Entries taken from a collection
◇ ◇ ◇ ◇ ◇

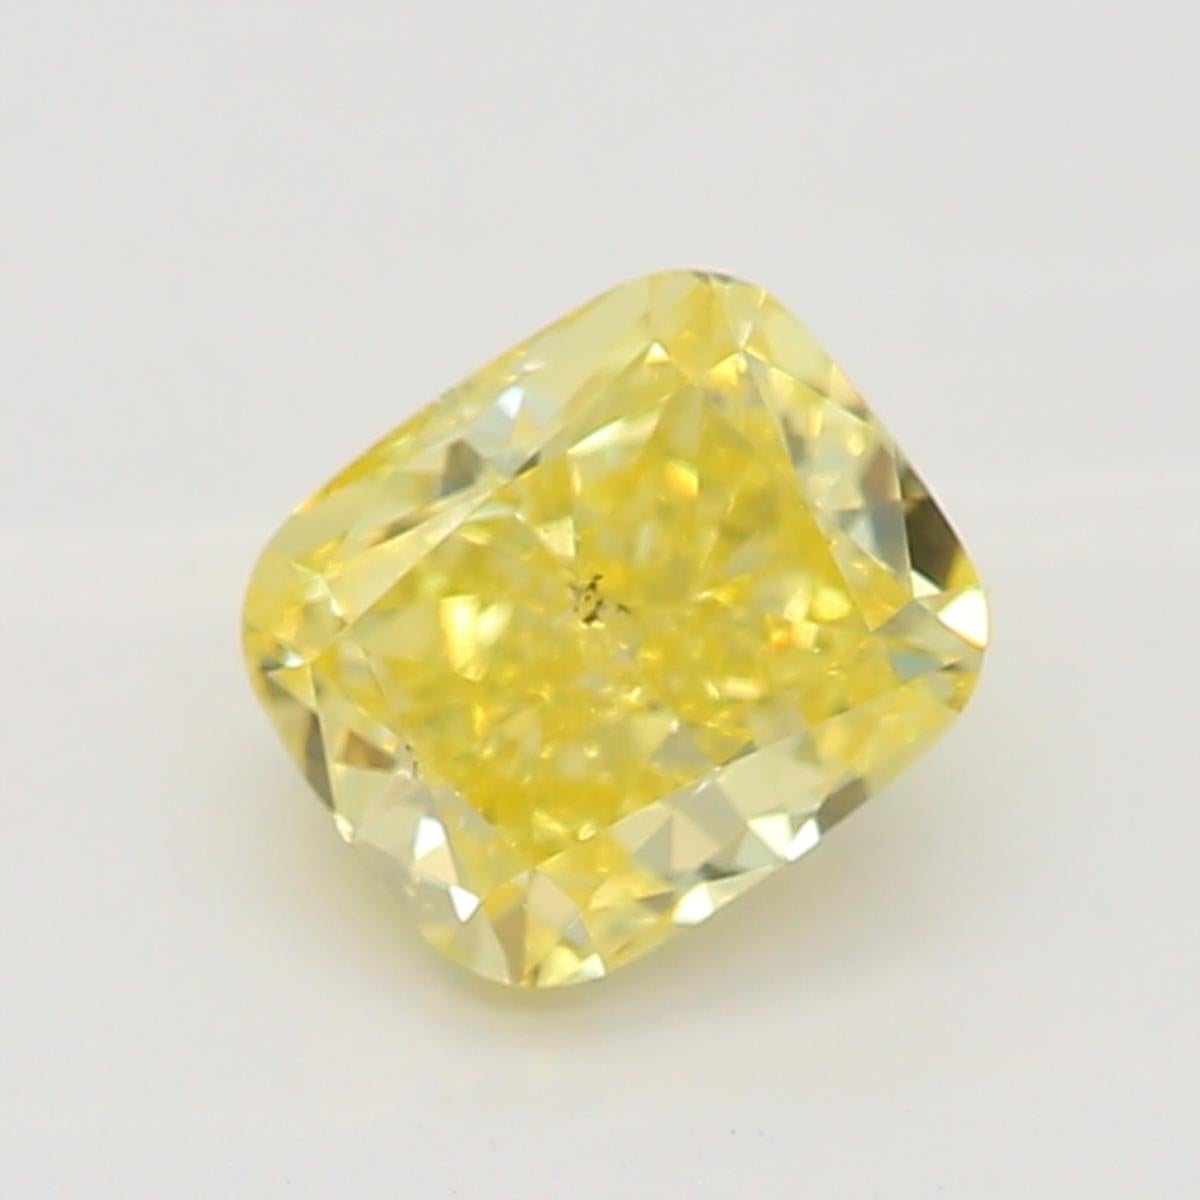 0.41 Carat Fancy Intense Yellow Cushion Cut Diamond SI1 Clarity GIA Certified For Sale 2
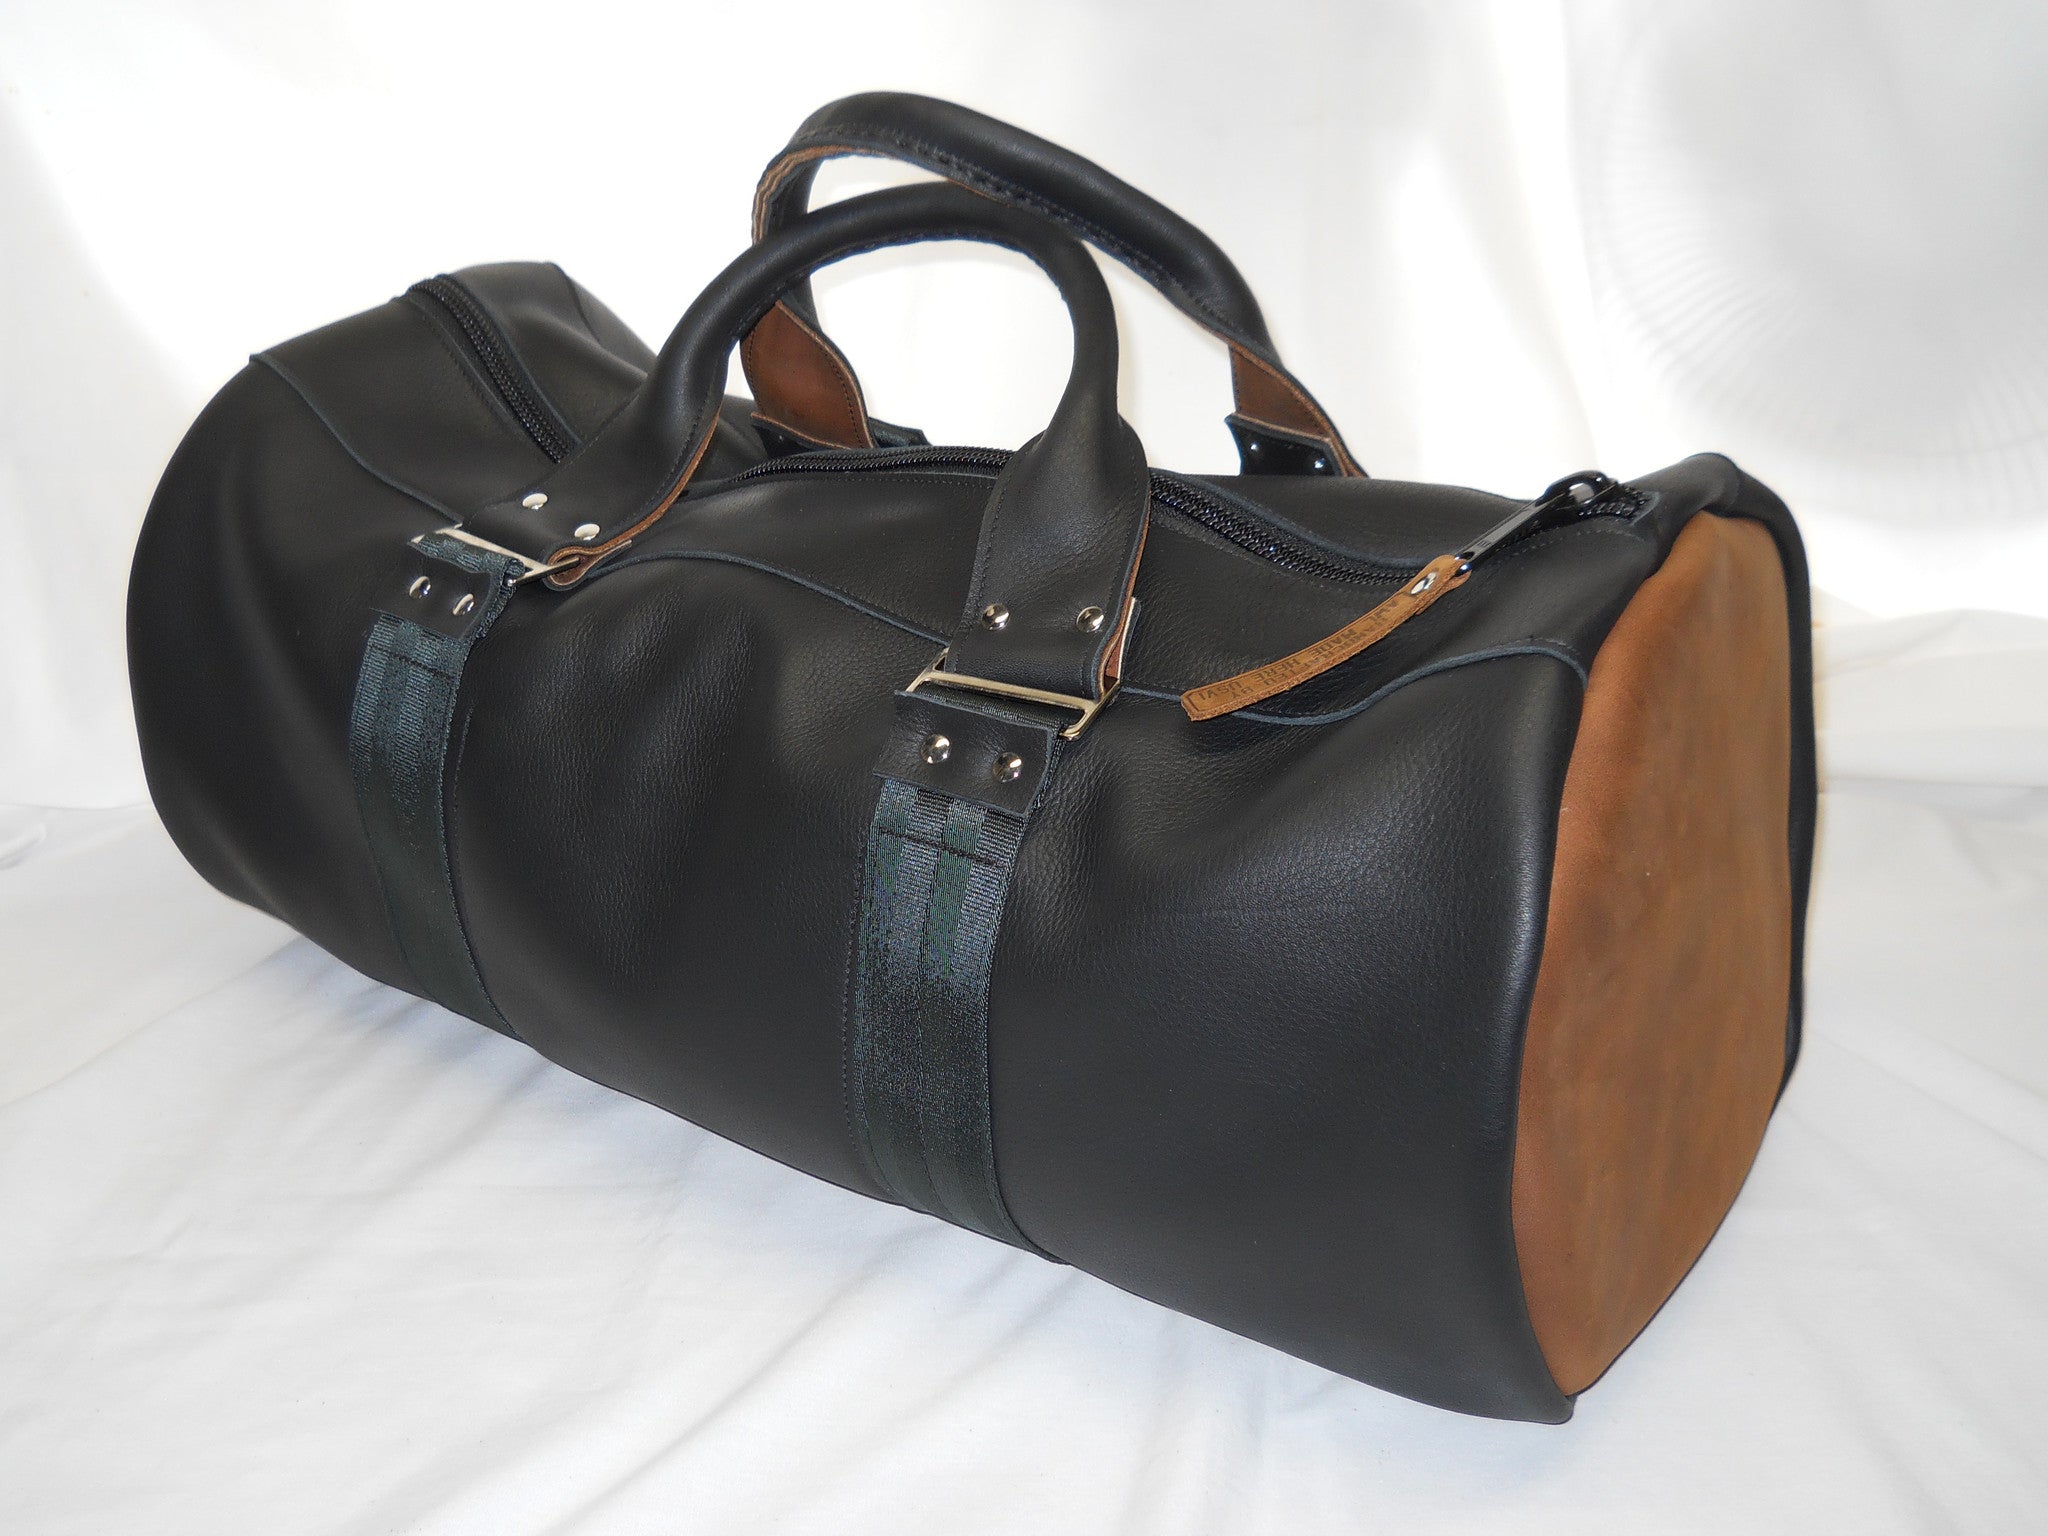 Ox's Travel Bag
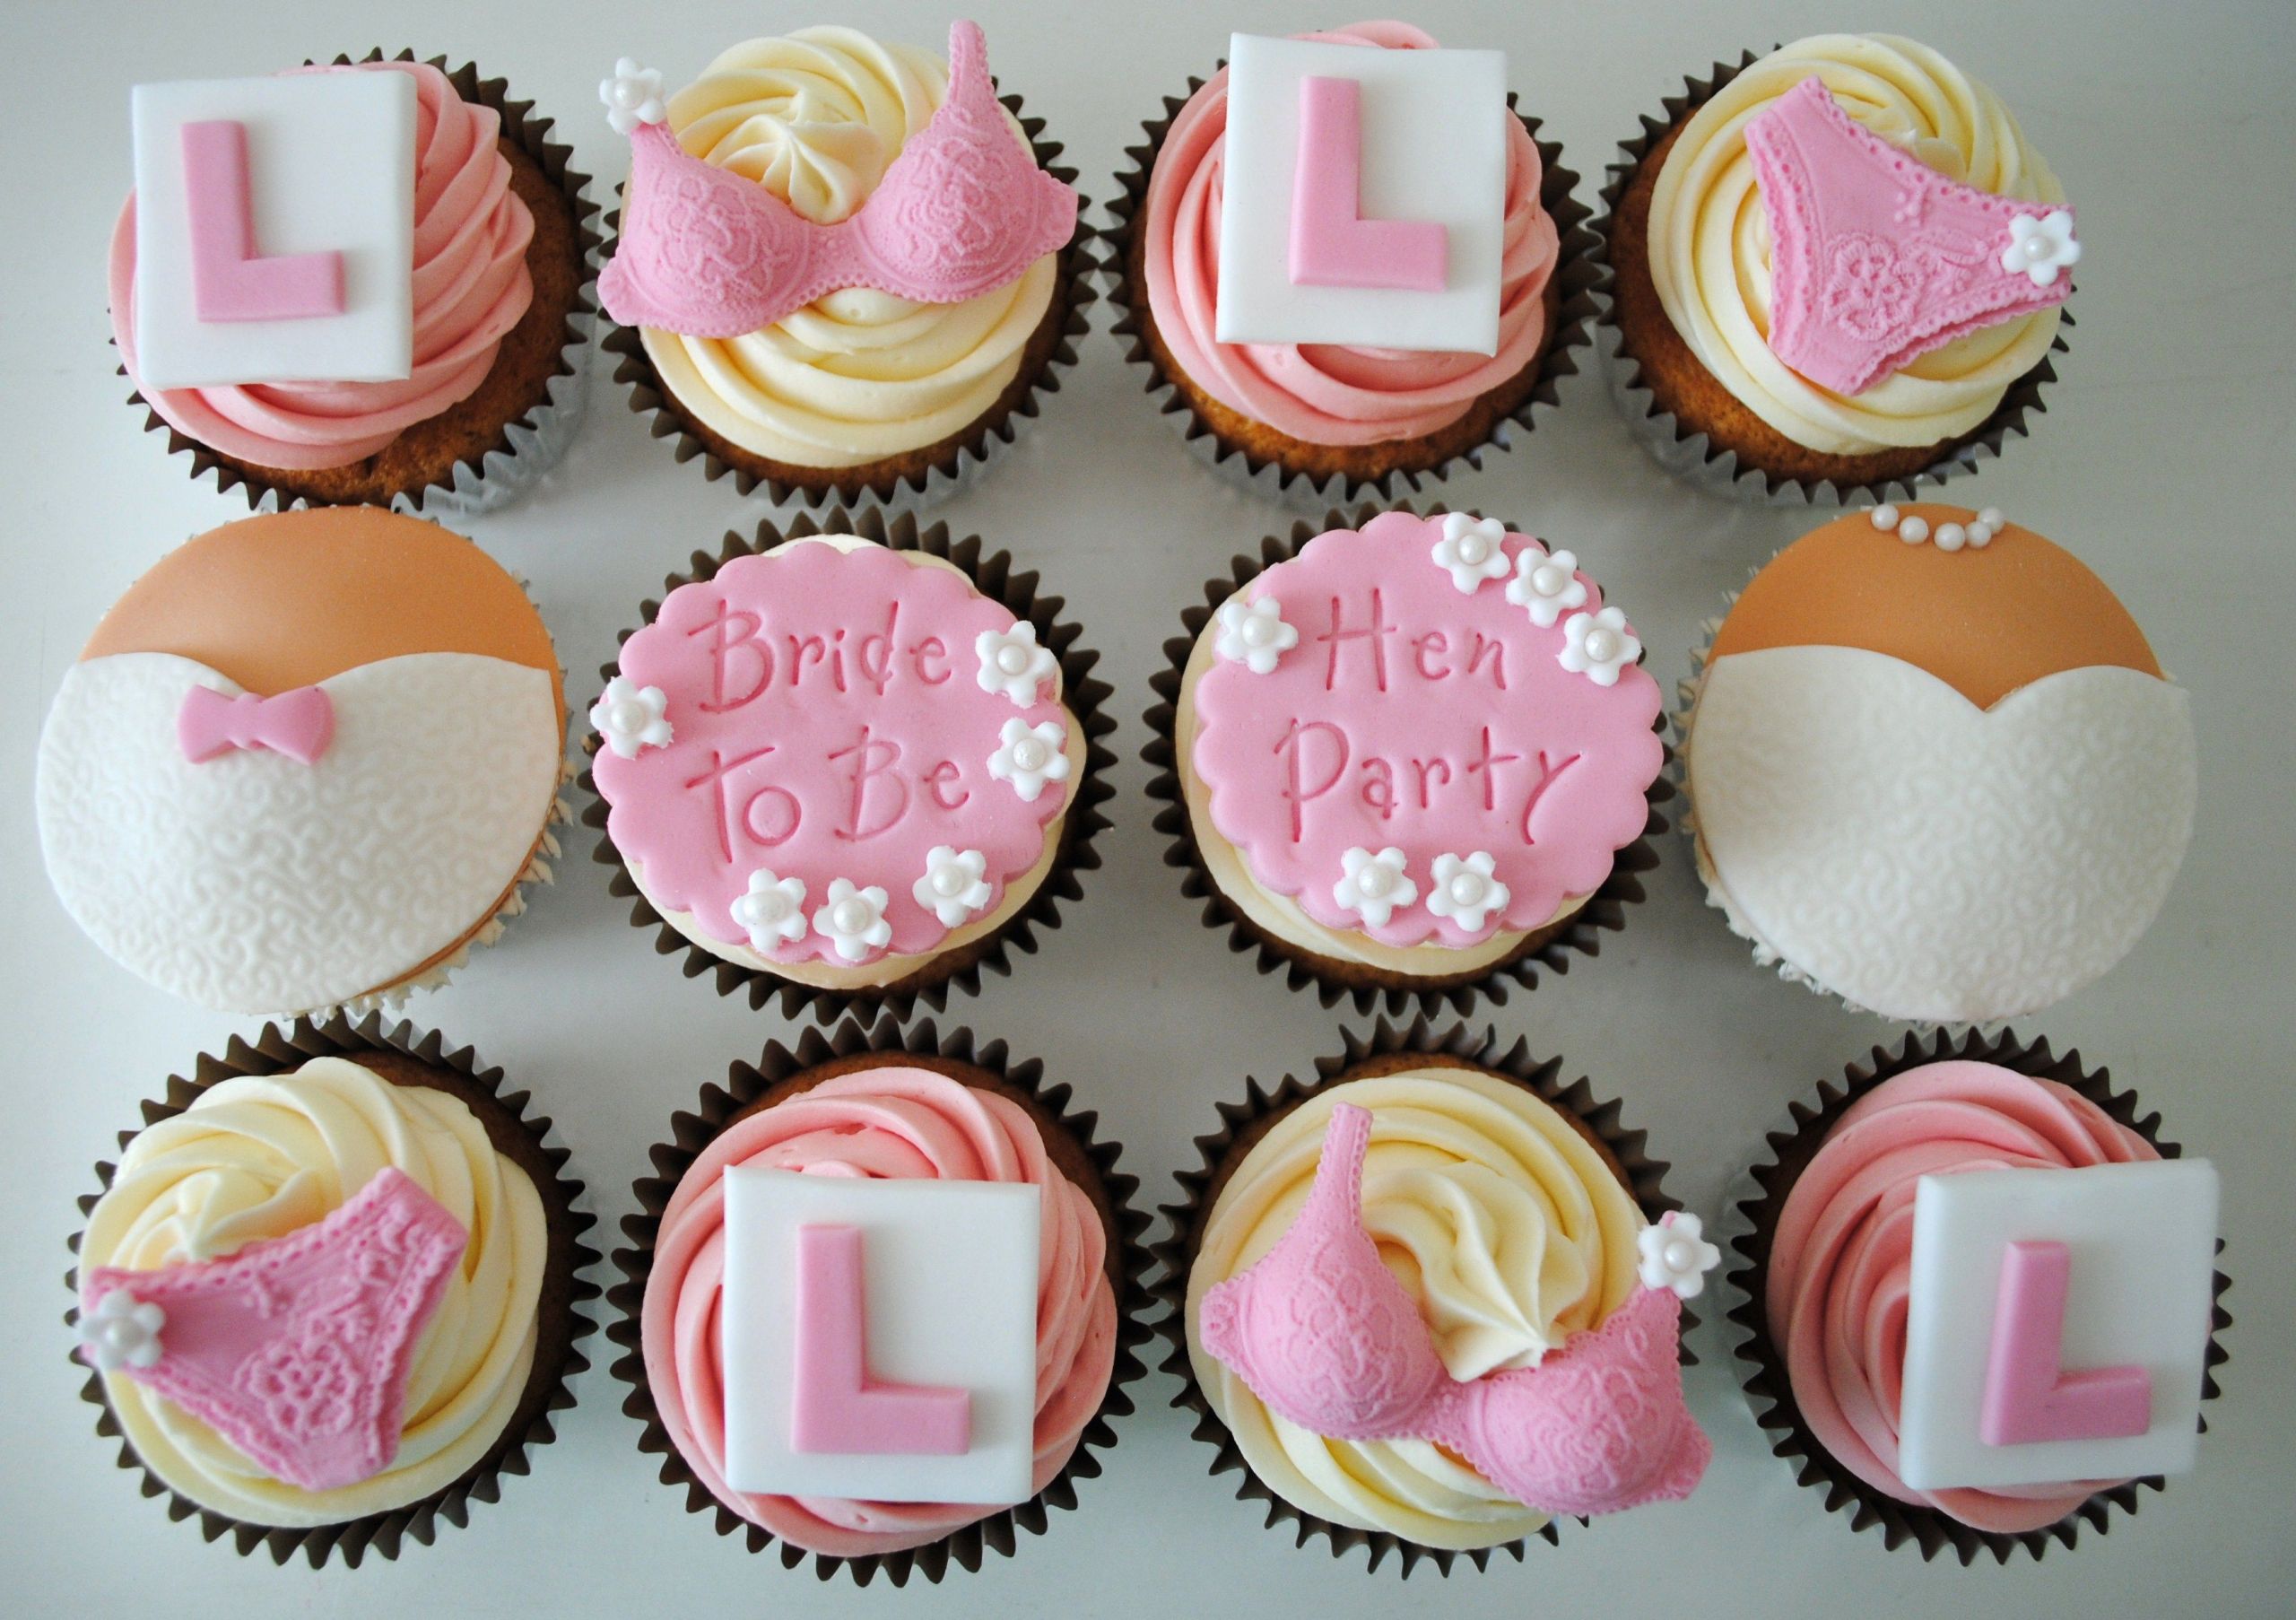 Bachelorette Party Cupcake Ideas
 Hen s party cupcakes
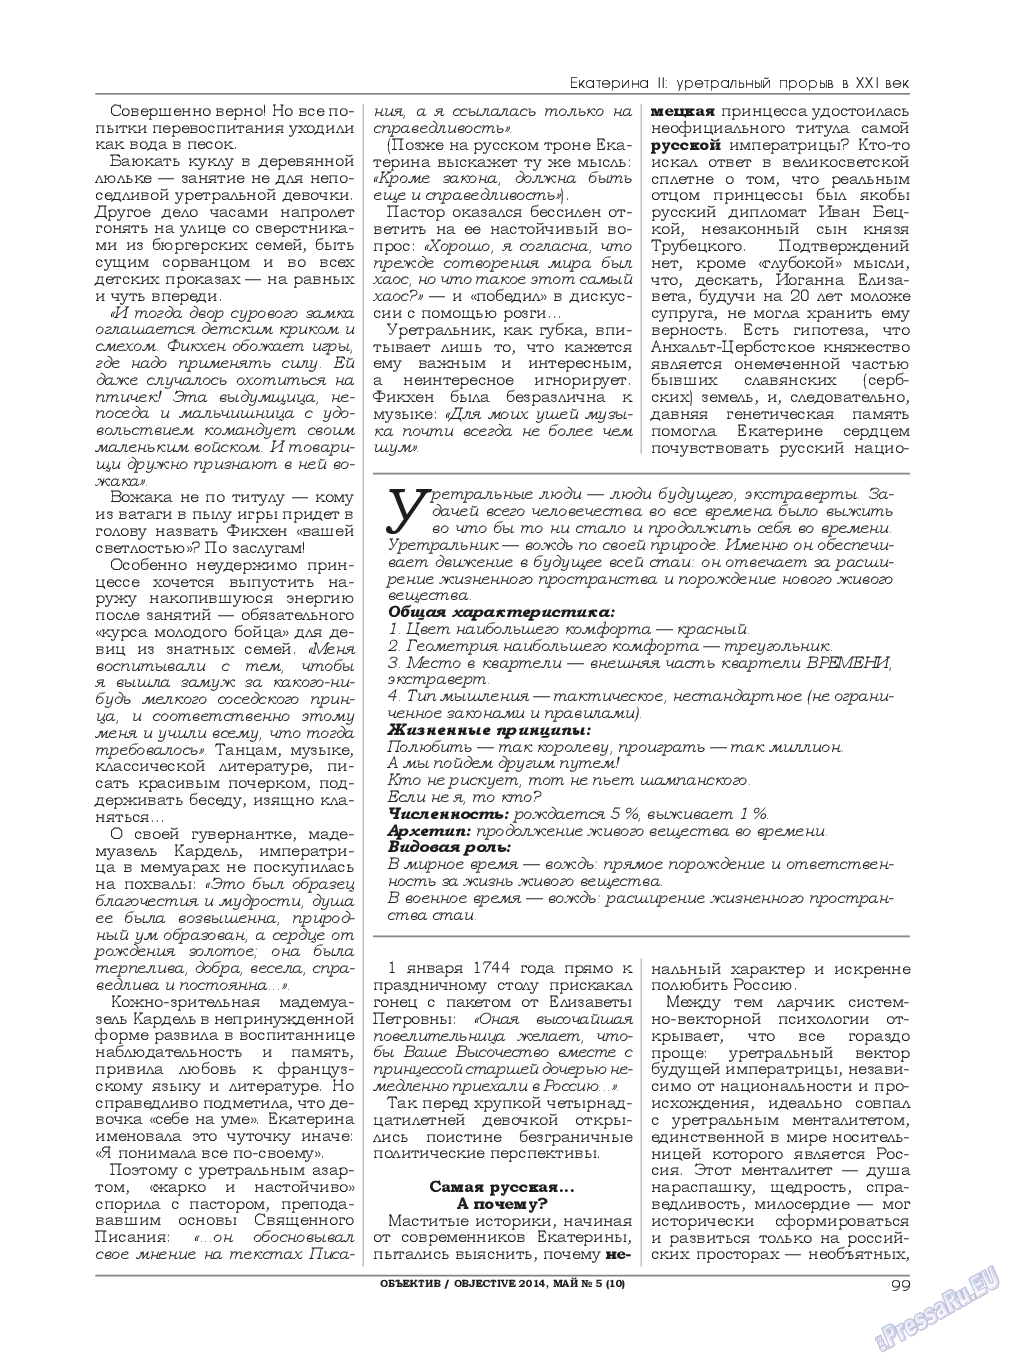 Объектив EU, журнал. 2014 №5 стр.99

◇ ◇ ◇ ◇ ◇

Problem
Give every line of the data above again as it stands; the pictures stay out.

Result of the exercise
 0.41 Carat Fancy Intense Yellow Cushion Cut Diamond SI1 Clarity GIA Certified For Sale 2
 Ox's Travel Bag
 Bachelorette Party Cupcake Ideas
 Hen s party cupcakes
 Объектив EU, журнал. 2014 №5 стр.99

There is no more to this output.